= Dataset entries =
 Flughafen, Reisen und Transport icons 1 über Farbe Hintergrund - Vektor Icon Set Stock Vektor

* * *

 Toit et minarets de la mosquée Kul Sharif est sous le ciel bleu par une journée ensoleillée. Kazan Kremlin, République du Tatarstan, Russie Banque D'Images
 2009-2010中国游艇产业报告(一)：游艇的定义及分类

---

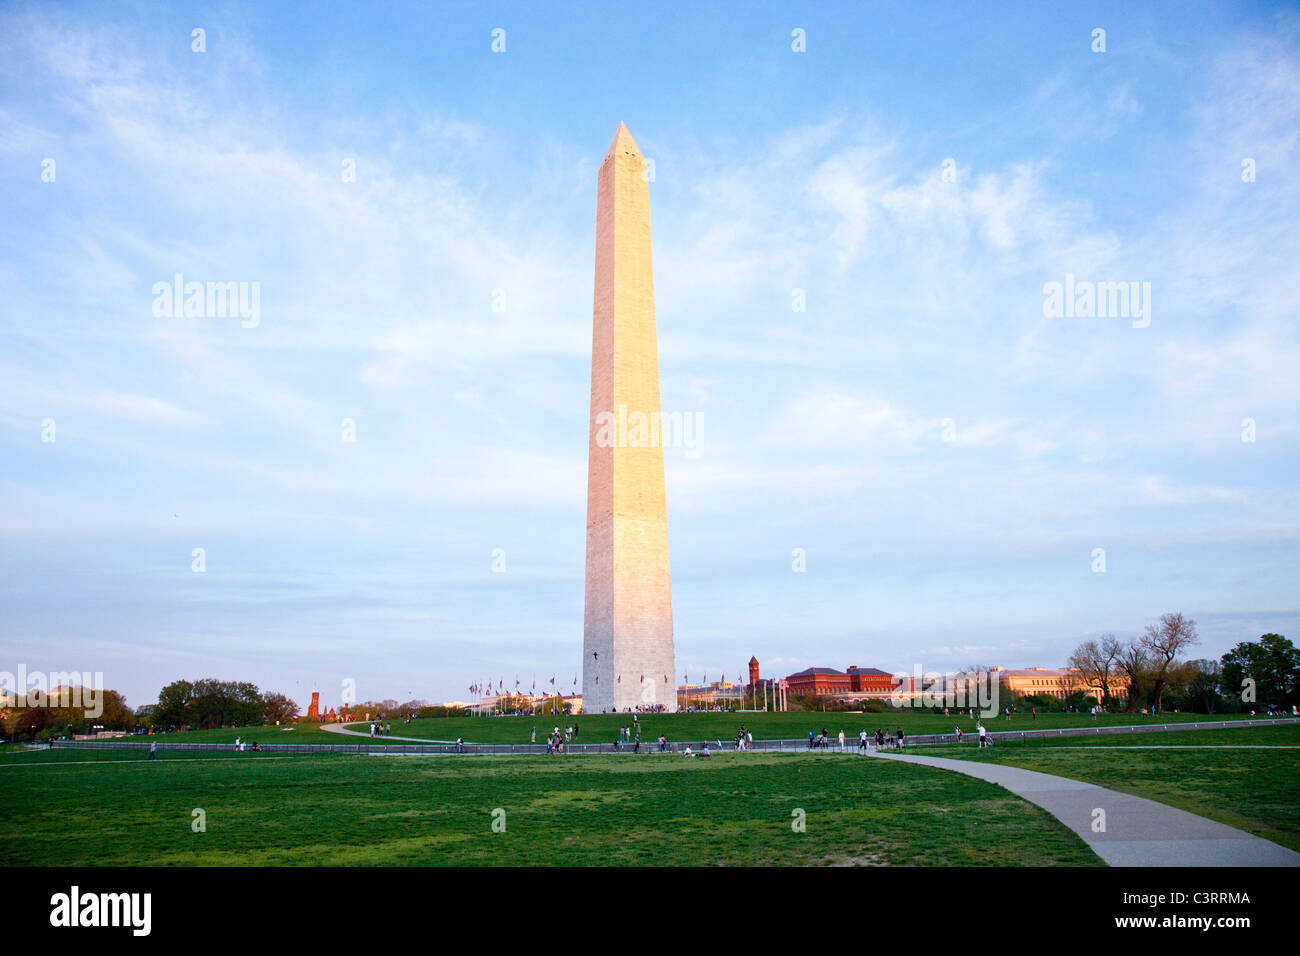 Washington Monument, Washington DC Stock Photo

= Your goal =
Retype, exactly and in full, the lines above from the one containing "Toit et minarets" through the one containing "2009-2010中国游艇产业报告(一)：游艇的定义及分类".

= Exercise result =
 Toit et minarets de la mosquée Kul Sharif est sous le ciel bleu par une journée ensoleillée. Kazan Kremlin, République du Tatarstan, Russie Banque D'Images
 2009-2010中国游艇产业报告(一)：游艇的定义及分类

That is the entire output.